5P;1R — Celestia (LazyLedger) White Paper

Daniel Olshansky
3 min readAug 13, 2022

This is a post in a series of articles I’m writing called “5 points & 1 resource” (think tl;dr but 5p;1r), where I summarize a list of bullet points that would have helped me start learning or re-learning a certain topic. It is intentionally far from a complete source of data.

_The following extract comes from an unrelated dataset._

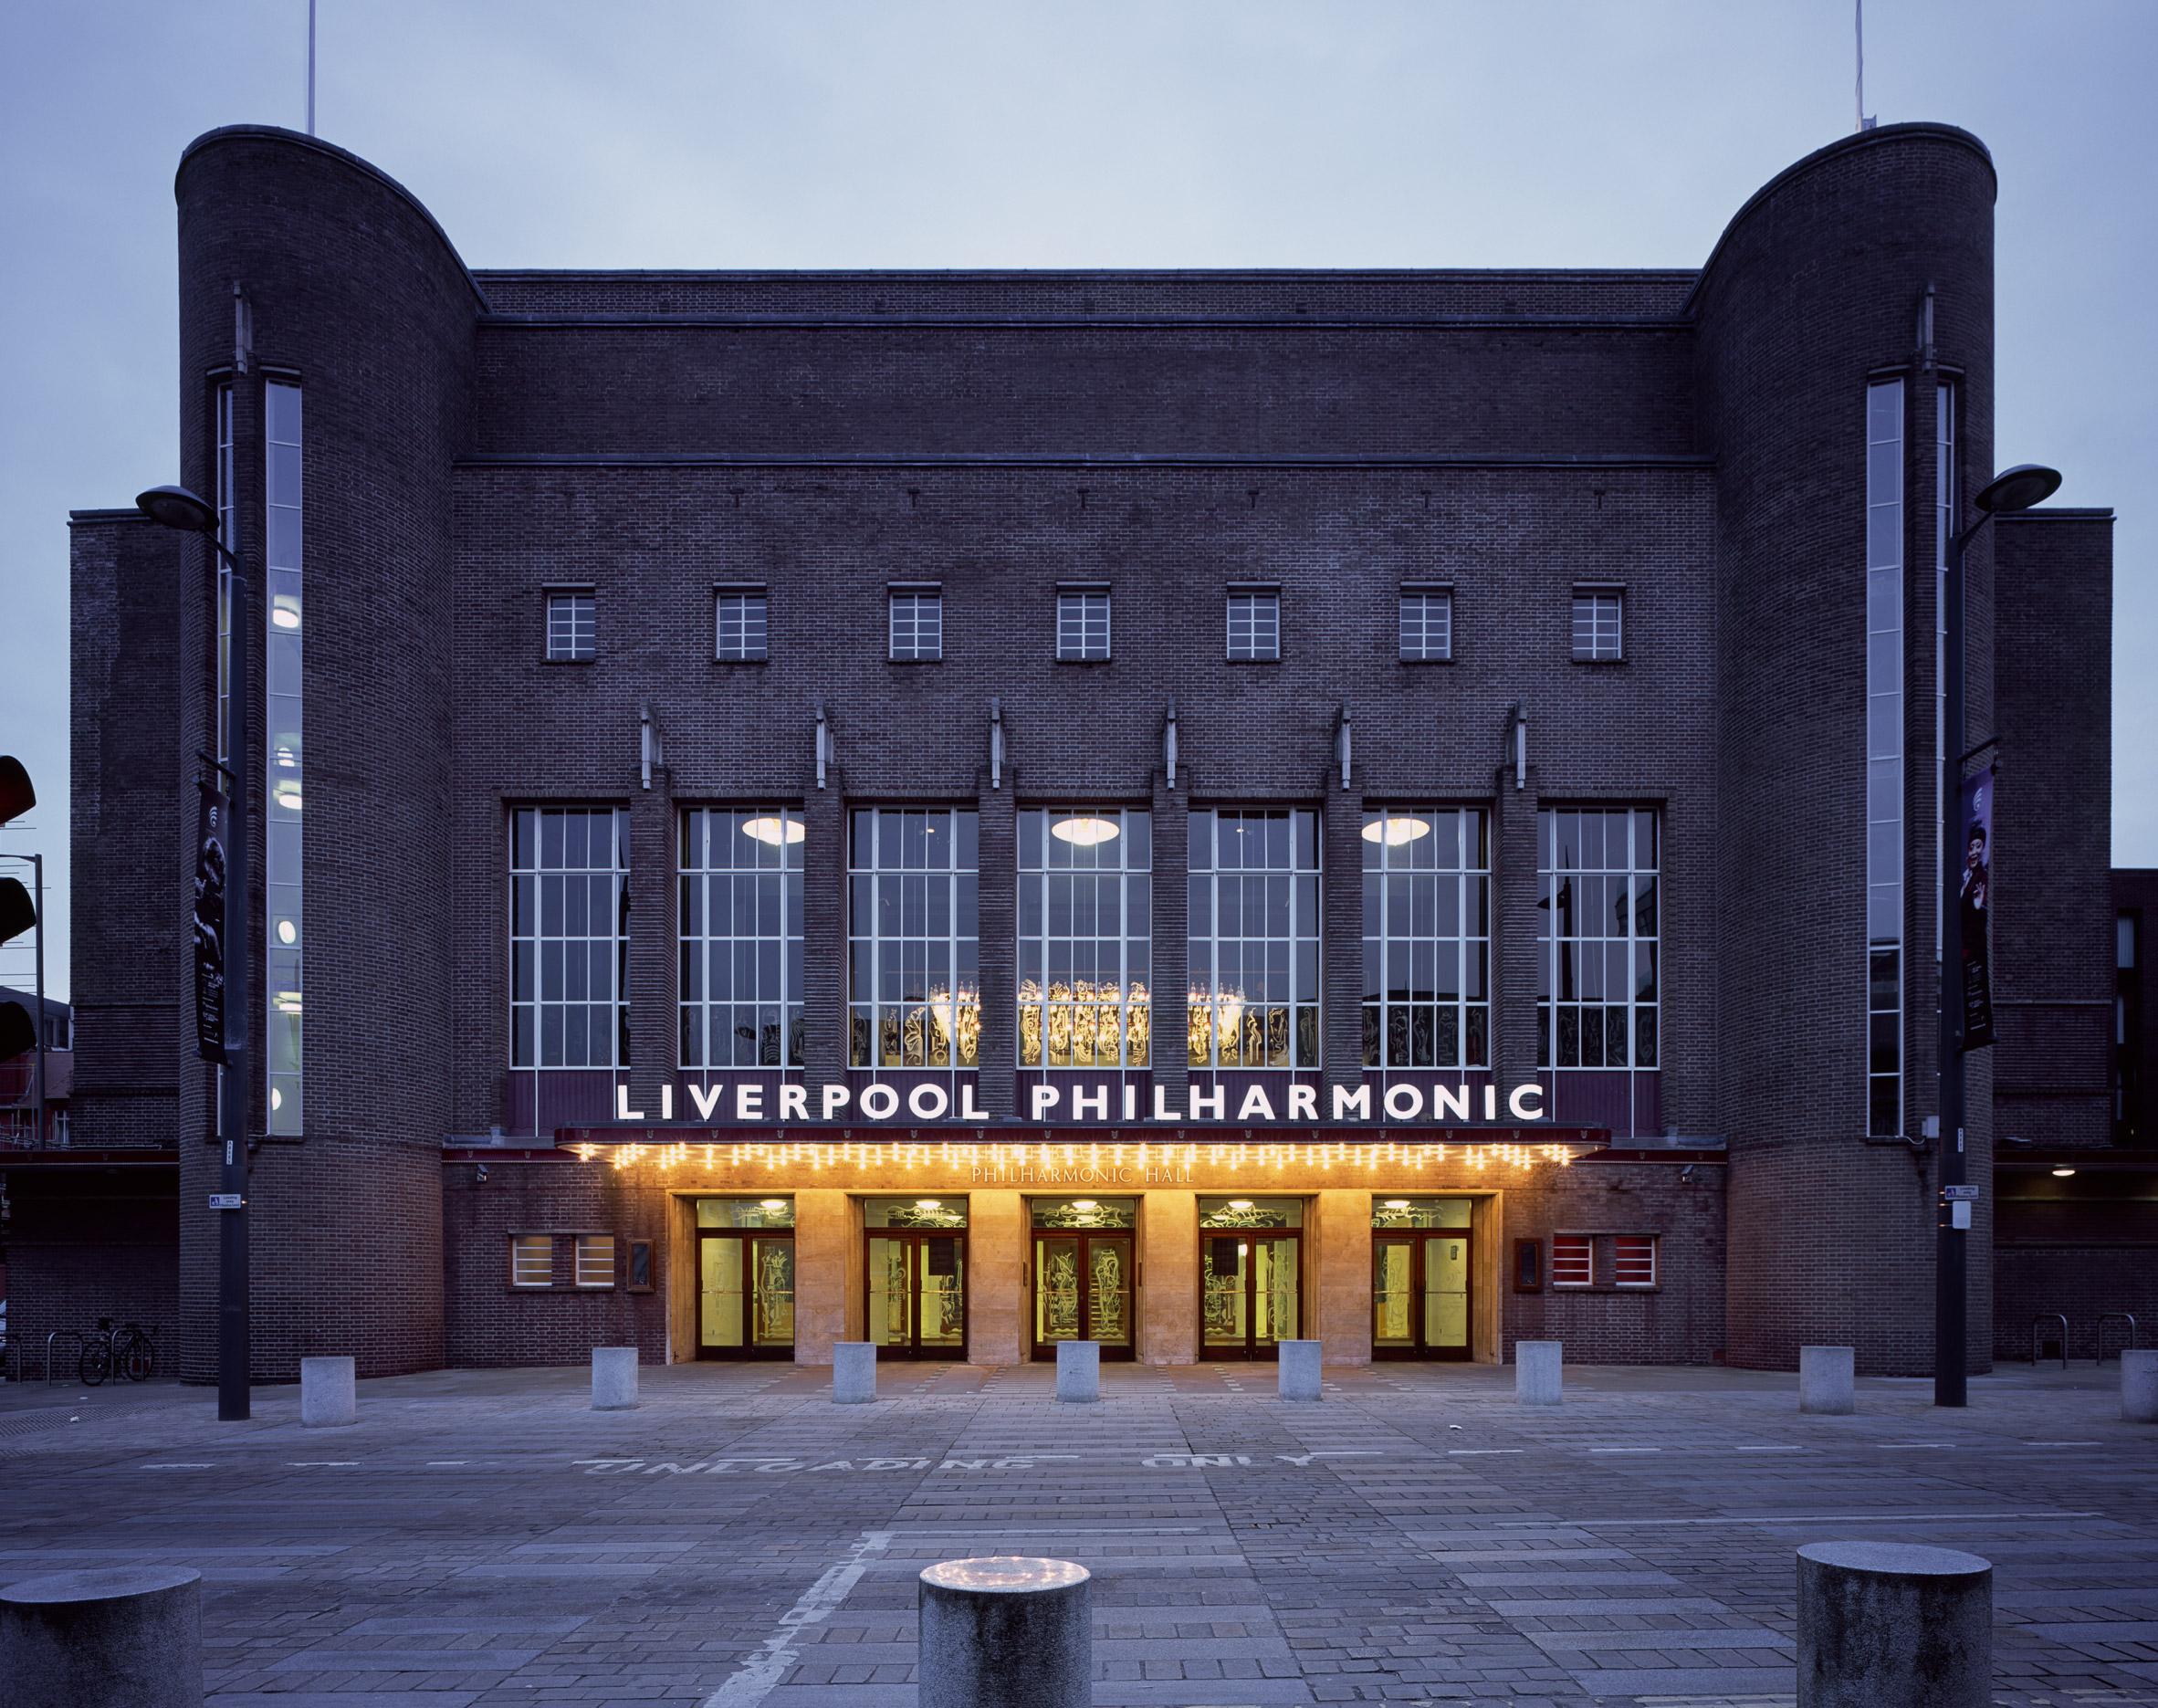 Caruso St John's Liverpool Philharmonic Hall refurbishment revives an art deco masterpiece

  1. Celestia decouples transaction consensus and execution by splitting the responsibilities between Celestia (i.e. the core network) and other blockchains (i.e. clients/applications) built on top of it like so:
    Celestia: transaction ordering & availability
    Client: transaction validation & execution
  2. The Data Availability Problem (a guarantee to clients that block data is available) leverages erasure encoding and probabilistic random sampling to balance the tradeoff between network bandwidth costs and data availability guarantees. Specifically, if a message is extended to n shares, and more than ᵏ⁄ₙ shares are witheld by an adversarial block producer, a client sampling a single missed share can assume, with high confidence, that the block is unavailable.
  3. Client nodes (i.e. blockchains/applications) can be implemented using any language on top of any execution environment and are responsible for managing their own state transition business logic by querying storage, while Celestia is responsible for preventing DoS attacks by collecting fees from each included transaction.
  4. Using 2D Reed-Solomon erasure encoding and assuming a block of size N, the bandwidth complexity of verifying block availability is either:
    O(N) — the whole block plus a single Merkle root are downloaded for a 100% data availability guarantee.
    O( √ N+log(√ N)) — a single row or a single column plus 2√(N) Merkle roots need to be downloaded for a sub-maximal guarantee. For example, with a code rate of ¼ and 4096 shares, only 0.4% of the block (15 shares) need to be downloaded to achieve 99% confidence that the block is available. This means that increasing the block size and network throughput can be securely achieved by increasing the number of nodes that make sampling requests for block shares.
  5. The Celestia network uses a namespaced and ordered Merkle Tree with a 1:1 relationship between applications and namespace IDs, enabling applications to query for transactions associated only with their namespace ID. The hash of each non-leaf node is left||right where left is leftMinNs||leftMaxNs||hash(x) and right is rightMinNs||rightMaxNs||hash(x), meaning that the node value can be used to determine the range of namespaces the subtree holds messages for.

There’s no better reference than the original white paper: LazyLedger: A Distributed Data Availability Ledger With Client-Side Smart Contracts, but personally, I’d use my annotated version of the available at ipfs://bafybeibbxdsdzf5v7jdm7ak5opdtw3vf35nb37wldkyokwbhmvdzflwsry or s3.olshansky.info/CelestiaWhitePaperReviewSmall.pdf.